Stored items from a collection
---+---

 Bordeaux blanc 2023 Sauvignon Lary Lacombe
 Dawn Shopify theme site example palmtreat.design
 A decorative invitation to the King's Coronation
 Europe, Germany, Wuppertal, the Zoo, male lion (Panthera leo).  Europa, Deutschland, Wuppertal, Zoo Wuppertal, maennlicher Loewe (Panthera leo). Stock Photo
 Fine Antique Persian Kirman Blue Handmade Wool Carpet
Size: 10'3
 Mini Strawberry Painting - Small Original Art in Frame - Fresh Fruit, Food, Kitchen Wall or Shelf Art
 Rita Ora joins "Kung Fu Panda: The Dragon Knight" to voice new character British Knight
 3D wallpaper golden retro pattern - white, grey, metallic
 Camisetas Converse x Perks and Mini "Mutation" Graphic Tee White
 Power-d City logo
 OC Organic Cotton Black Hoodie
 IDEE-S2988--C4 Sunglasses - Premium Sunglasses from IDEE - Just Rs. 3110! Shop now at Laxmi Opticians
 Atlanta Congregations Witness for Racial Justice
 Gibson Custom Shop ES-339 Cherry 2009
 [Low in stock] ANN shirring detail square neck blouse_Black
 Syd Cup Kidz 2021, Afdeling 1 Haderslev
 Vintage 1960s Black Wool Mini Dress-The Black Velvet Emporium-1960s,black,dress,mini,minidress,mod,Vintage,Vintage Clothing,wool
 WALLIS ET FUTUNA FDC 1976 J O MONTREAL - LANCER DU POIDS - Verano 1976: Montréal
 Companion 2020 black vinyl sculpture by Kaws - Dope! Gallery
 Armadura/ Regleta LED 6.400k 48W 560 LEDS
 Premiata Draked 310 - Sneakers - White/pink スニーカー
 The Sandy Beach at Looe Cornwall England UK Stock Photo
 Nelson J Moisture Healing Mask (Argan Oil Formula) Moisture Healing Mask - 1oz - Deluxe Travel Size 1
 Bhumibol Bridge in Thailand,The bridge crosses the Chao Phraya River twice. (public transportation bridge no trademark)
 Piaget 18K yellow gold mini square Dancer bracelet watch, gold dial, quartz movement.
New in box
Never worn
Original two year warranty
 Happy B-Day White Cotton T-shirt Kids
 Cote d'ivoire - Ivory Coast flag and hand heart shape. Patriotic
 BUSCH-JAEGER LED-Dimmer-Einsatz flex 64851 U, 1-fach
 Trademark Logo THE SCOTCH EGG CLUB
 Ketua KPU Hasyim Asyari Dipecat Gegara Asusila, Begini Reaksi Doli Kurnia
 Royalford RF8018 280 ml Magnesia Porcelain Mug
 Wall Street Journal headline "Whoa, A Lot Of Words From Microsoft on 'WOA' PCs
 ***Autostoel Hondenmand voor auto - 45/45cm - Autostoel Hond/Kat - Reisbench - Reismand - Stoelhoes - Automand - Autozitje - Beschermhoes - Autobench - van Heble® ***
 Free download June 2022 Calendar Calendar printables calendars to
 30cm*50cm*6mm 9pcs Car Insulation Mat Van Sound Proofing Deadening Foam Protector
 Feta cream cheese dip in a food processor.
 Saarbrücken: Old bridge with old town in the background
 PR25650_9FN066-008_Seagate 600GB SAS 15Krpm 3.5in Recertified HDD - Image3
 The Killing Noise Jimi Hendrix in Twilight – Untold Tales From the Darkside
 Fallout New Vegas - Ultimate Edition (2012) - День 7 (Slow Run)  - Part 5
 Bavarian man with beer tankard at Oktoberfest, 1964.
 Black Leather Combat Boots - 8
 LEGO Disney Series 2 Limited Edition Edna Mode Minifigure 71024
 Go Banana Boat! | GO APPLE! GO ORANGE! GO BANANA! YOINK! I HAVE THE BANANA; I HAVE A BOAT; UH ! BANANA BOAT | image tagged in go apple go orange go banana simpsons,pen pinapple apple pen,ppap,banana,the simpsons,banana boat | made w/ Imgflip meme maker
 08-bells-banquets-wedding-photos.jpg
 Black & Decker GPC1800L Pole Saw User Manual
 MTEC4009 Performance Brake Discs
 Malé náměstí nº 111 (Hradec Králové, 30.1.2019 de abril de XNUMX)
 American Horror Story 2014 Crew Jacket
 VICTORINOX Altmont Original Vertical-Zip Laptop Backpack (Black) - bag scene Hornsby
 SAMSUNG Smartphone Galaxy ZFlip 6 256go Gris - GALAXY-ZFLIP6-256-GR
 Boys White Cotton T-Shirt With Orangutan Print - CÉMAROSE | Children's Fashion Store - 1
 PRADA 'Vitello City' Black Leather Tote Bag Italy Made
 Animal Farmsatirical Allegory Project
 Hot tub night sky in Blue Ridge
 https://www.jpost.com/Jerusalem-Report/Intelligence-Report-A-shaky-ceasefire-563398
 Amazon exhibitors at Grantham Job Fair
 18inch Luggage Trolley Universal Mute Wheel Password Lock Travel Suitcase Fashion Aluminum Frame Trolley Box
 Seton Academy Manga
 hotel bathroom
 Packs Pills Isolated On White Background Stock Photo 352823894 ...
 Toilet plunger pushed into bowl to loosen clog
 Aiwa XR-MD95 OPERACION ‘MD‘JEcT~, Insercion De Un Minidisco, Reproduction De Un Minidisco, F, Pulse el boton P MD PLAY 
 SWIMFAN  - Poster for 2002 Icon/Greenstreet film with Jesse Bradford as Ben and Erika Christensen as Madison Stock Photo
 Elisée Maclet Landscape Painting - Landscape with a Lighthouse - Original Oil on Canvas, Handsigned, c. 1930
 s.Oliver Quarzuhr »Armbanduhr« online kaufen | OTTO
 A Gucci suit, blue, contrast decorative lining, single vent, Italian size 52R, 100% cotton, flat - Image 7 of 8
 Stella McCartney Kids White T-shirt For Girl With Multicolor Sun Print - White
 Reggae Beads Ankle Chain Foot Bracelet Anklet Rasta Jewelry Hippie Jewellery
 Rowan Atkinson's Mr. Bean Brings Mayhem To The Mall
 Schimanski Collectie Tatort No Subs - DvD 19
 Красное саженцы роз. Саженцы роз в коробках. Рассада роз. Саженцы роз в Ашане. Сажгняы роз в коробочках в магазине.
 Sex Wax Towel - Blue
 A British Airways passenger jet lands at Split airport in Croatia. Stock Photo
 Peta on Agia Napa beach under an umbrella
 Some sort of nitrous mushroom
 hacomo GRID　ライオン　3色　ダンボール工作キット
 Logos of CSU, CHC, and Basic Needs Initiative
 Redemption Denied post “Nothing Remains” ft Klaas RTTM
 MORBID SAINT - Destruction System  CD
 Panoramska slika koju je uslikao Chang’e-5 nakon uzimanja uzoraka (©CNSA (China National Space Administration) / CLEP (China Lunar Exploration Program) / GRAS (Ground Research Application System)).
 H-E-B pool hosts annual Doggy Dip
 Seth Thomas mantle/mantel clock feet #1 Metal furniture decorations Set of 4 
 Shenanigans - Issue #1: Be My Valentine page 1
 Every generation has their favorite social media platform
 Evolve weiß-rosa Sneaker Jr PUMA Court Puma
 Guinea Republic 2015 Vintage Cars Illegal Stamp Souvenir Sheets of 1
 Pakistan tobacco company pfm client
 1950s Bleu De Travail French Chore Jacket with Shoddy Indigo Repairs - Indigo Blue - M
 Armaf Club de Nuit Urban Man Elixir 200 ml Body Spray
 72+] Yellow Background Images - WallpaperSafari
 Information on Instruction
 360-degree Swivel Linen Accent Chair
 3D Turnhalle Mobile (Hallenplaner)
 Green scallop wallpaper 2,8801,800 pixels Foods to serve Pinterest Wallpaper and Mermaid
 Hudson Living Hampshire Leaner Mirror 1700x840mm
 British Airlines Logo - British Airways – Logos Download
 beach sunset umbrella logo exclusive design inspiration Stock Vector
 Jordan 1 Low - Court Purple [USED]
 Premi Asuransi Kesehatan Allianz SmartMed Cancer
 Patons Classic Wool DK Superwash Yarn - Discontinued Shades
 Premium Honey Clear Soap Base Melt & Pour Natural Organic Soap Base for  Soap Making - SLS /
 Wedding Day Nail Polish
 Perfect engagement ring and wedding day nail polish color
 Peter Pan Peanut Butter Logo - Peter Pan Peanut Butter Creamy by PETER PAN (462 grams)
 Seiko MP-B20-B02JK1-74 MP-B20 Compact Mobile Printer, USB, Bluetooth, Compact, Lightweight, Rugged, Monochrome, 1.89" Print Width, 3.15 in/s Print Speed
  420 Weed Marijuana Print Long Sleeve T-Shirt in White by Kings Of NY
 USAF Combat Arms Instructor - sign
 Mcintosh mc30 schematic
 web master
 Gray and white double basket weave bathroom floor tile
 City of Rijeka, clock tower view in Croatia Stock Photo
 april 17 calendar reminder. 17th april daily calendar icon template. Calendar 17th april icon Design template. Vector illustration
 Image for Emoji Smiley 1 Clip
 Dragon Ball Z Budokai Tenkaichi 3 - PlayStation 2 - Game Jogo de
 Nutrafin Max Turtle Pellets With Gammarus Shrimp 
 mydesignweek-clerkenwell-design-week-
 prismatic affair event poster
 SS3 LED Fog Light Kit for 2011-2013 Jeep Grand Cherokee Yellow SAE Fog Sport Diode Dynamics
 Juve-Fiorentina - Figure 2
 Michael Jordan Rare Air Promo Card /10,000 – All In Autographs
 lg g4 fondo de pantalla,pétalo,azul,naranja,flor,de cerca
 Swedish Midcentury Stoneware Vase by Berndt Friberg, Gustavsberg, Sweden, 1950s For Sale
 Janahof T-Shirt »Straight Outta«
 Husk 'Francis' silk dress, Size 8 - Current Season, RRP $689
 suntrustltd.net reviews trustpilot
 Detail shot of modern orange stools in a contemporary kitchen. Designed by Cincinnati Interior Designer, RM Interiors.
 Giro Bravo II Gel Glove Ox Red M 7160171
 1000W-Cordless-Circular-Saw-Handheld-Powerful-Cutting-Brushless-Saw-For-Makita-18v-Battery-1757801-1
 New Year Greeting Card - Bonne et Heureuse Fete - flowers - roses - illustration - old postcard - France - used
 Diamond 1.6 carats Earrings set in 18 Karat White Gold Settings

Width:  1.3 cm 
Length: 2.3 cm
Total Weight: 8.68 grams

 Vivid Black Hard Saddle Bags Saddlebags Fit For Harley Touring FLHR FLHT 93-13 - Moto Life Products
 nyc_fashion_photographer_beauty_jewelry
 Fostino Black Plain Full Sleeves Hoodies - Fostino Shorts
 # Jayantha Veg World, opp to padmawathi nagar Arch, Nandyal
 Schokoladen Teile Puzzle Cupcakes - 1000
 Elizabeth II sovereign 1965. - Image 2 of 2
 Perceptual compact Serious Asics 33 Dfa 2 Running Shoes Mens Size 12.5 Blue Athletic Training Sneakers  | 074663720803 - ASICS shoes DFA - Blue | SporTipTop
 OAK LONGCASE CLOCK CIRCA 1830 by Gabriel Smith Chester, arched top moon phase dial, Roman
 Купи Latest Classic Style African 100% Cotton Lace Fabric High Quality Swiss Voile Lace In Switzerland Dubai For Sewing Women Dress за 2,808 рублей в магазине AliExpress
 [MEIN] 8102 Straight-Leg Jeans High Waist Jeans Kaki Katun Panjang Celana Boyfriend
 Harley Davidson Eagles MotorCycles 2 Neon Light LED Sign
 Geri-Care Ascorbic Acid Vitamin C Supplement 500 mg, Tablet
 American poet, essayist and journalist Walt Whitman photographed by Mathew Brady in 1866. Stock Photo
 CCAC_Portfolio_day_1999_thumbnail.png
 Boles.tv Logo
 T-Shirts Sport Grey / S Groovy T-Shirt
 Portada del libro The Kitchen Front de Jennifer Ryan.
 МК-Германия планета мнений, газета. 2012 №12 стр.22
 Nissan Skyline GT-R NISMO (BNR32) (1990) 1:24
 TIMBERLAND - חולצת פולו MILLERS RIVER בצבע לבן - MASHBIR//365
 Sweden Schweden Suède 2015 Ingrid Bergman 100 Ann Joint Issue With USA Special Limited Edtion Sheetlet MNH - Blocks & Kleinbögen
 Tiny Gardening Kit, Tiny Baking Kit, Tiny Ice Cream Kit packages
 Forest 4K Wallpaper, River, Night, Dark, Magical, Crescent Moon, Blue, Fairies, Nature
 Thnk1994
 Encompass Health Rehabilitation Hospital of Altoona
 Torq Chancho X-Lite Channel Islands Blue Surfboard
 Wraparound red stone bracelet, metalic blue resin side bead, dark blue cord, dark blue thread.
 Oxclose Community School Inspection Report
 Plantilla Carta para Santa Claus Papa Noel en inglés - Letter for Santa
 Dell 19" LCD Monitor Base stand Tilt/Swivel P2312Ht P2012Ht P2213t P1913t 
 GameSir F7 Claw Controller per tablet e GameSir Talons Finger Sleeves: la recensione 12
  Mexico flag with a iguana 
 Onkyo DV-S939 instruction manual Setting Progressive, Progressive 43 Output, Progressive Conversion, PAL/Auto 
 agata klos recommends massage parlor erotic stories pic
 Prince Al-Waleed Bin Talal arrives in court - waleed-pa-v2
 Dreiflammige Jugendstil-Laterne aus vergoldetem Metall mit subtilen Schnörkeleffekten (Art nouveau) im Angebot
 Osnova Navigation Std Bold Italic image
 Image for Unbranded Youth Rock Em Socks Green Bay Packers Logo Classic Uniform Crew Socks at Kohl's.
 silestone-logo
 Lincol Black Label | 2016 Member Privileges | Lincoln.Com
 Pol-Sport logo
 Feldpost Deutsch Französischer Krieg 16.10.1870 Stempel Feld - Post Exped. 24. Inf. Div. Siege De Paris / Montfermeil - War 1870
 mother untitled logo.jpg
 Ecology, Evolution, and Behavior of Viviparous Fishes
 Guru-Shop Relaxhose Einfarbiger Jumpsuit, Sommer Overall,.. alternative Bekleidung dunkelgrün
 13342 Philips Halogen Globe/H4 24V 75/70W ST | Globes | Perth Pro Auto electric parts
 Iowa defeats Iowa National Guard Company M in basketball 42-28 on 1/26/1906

---+---

* **Aim of the task**
Retype, exactly and in full, the lines above from the one containing "Husk 'Francis' silk" through the one containing "OAK LONGCASE CLOCK".

* **Result for this exercise**
 Husk 'Francis' silk dress, Size 8 - Current Season, RRP $689
 suntrustltd.net reviews trustpilot
 Detail shot of modern orange stools in a contemporary kitchen. Designed by Cincinnati Interior Designer, RM Interiors.
 Giro Bravo II Gel Glove Ox Red M 7160171
 1000W-Cordless-Circular-Saw-Handheld-Powerful-Cutting-Brushless-Saw-For-Makita-18v-Battery-1757801-1
 New Year Greeting Card - Bonne et Heureuse Fete - flowers - roses - illustration - old postcard - France - used
 Diamond 1.6 carats Earrings set in 18 Karat White Gold Settings

Width:  1.3 cm 
Length: 2.3 cm
Total Weight: 8.68 grams

 Vivid Black Hard Saddle Bags Saddlebags Fit For Harley Touring FLHR FLHT 93-13 - Moto Life Products
 nyc_fashion_photographer_beauty_jewelry
 Fostino Black Plain Full Sleeves Hoodies - Fostino Shorts
 # Jayantha Veg World, opp to padmawathi nagar Arch, Nandyal
 Schokoladen Teile Puzzle Cupcakes - 1000
 Elizabeth II sovereign 1965. - Image 2 of 2
 Perceptual compact Serious Asics 33 Dfa 2 Running Shoes Mens Size 12.5 Blue Athletic Training Sneakers  | 074663720803 - ASICS shoes DFA - Blue | SporTipTop
 OAK LONGCASE CLOCK CIRCA 1830 by Gabriel Smith Chester, arched top moon phase dial, Roman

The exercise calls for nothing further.